Социально-экономическая дифференциация в сфере общественного здоровья признана одним из фактов социальной обусловленности здоровья. В свою очередь важной характеристикой социально-экономического положения является профессиональная занятость, определяющая социальный статус человека, доступ к ресурсам социальной защиты, а также в определенной мере уровень его материального благосостояния [1].
Исследований состояния здоровья в целом, а также по отдельным нозологическим формам в зависимости от профессиональной занятости населения в странах Западной Европы, Северной Америки и Австралии проводят довольно много. Результаты данных исследований преимущественно свидетельствуют о лучшем состоянии здоровья лиц, занятых в трудовой деятельности, по сравнению с неработающими [2-5].
Хотя подобных исследований здоровья проводится в мире достаточно много, в России же наблюдается их явный дефицит, несмотря на то что в качестве социальной характеристики профессиональную занятость используют регулярно как в эпидемиологических, так и в клинических исследованиях. Возможность же экстраполяции зарубежных данных на российские условия несколько сомнительна и в любом случае требует подтверждения. Дело в том, что профессиональная занятость и ее компоненты зависят не только от состояния здоровья, но и от множества других факторов, таких как объем и качество рынка труда, условий государственной поддержки неработающих (в том числе пенсии, пособие по безработице и пр.), условий трудовой деятельности и других. Например, в исследовании в 23 европейских странах был отмечен более высокий уровень заболеваемости и смертности у неработающего населения, причем наиболее характерно это было для центральноевропейских и скандинавских стран, Великобритании. В странах Южной и Восточной Европы выраженность данной тенденции хотя и сохраняется, но гораздо менее выражена [6]. В то же время исследования в других регионах, например в Японии, показали обратную тенденцию: у неработающих женщин оказались лучшие показатели субъективного здоровья, чем у работающих, что авторы связывают с образом жизни [7]. Следовательно, направленность и выраженность влияния профессиональной занятости на состояние здоровья может различаться в зависимости от региональных, национальных и экономических особенностей стран.
Цель данного исследования - анализ связи ряда субъективных показателей состояния здоровья с профессиональной занятостью населения.
Материал и методы
Исследование проведено в рамках многоцентрового эпидемиологического исследования "Эпидемиология сердечно-сосудистых заболеваний и их факторов риска в Российской Федерации (ЭССЕ-РФ)" [8]. Объектом исследования стала случайная популяционная выборка мужского и женского взрослого населения Кемеровской области в возрасте 25-64 лет. Одномоментное эпидемиологическое исследование проведено с марта по октябрь 2013 г. Выборку, согласно протоколу исследования, формировали в три этапа: последовательный отбор муниципальных лечебно-профилактических учреждений, врачебных участков и домовладений. В конечном виде объем выборки составил 2 тыс. человек (мужчины и женщины в возрасте 25-64 лет), отклик составил 81,4% (n=1627).

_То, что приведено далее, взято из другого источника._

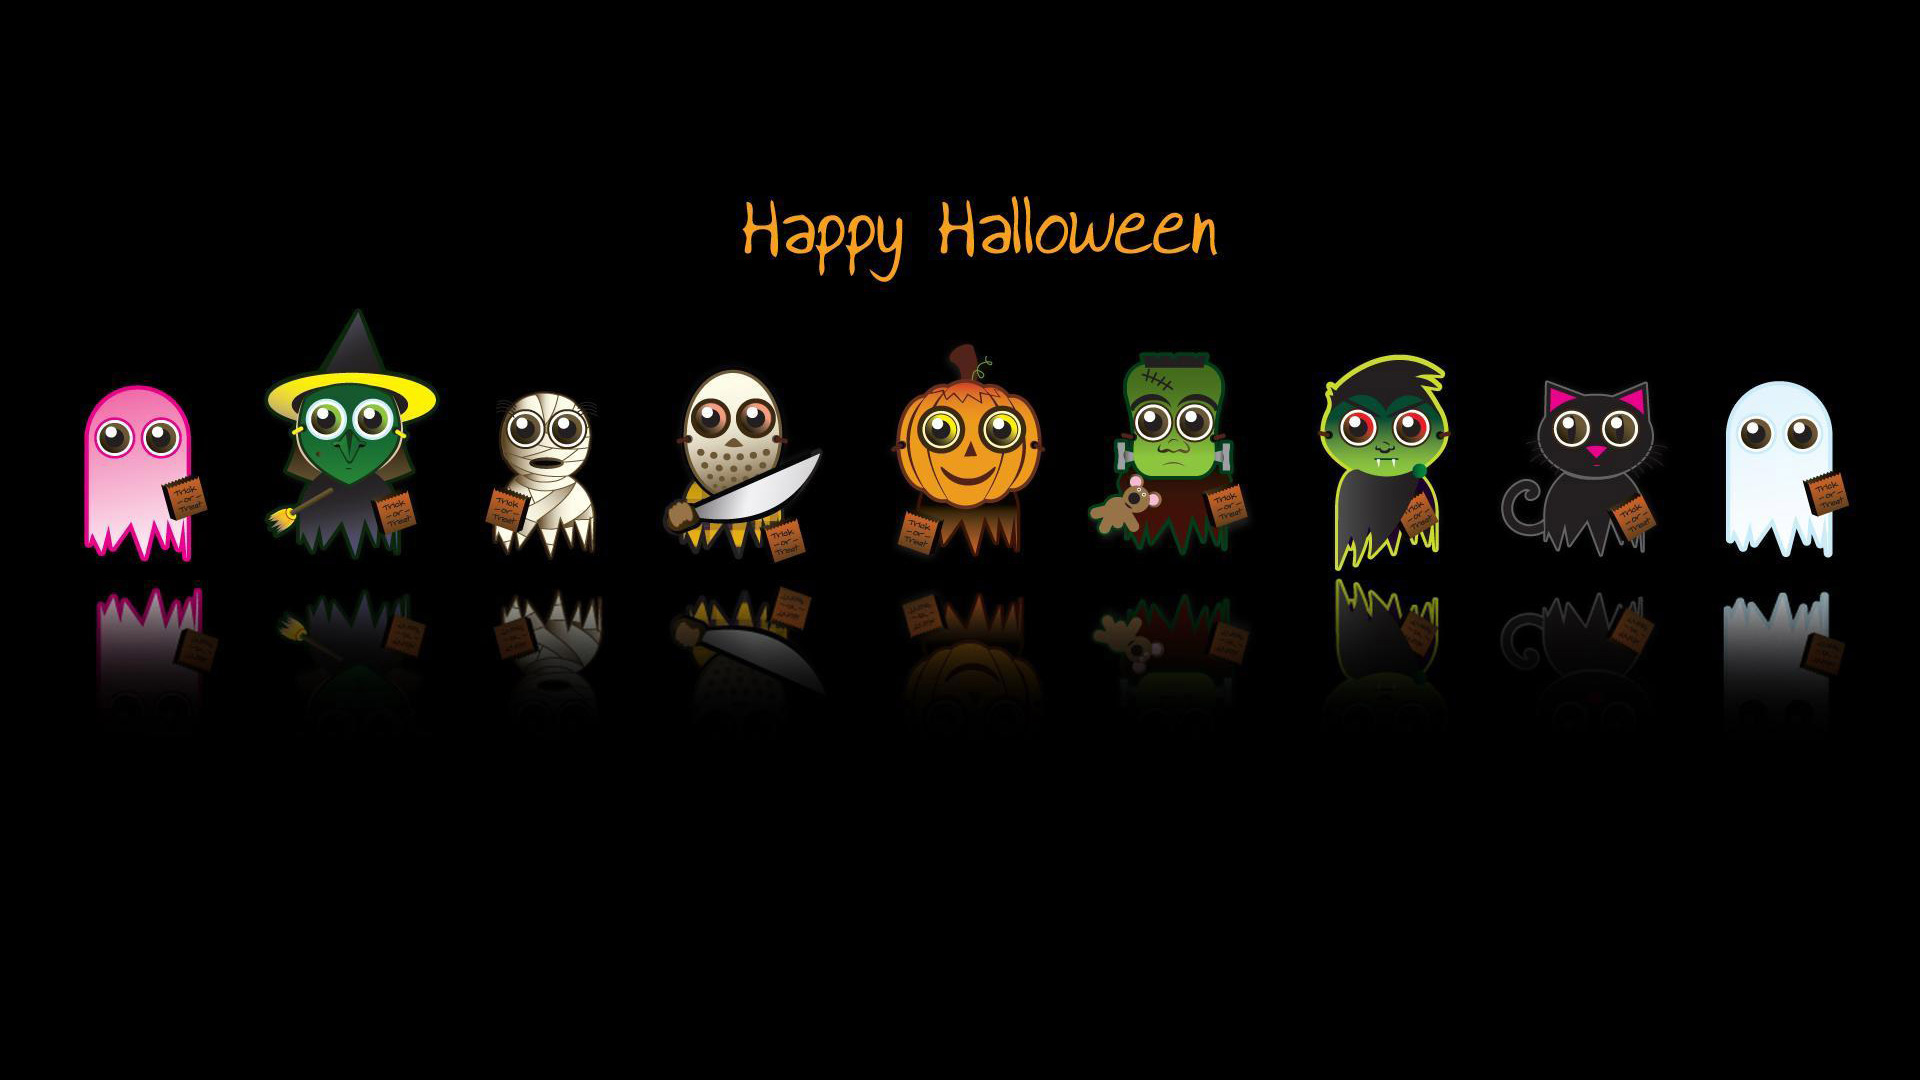 Happy Halloween Wallpaper Full HD 1080p Desktop

Из числа принявших участие в исследовании сформированы две группы сравнения: работающее население (n=1214), неработающее население (n=413). Различия по полу и возрасту в сравниваемых группах были статистически значимы (р<0,05) (табл. 1
Интервьюированием получены данные по профессиональной занятости, самооценке здоровья, обращаемости за медицинской помощью и качеству жизни. Самооценка здоровья основывалась на двух вопросах: "Как Вы оцениваете в настоящее время состояние Вашего здоровья в целом?" и "По сравнению с другими людьми Вашего возраста, как Вы оцениваете собственное здоровье?". Градации ответов на первый вопрос "Отличное" и "Очень хорошее" сгруппированы в категорию "Отличное", градации "Удовлетворительное" и "Плохое" - в категорию "Удовлетворительное". Данная группировка связана с небольшим количеством респондентов, ответивших "Плохое" (n=157; 9,6%). Градации второго вопроса при анализе данных остались без изменений.
Данные об обращаемости за медицинской помощью за последние 12 мес включали наличие и количество обращений к врачу (с утратой и без утраты трудоспособности), госпитализаций, вызовов бригады скорой медицинской помощи.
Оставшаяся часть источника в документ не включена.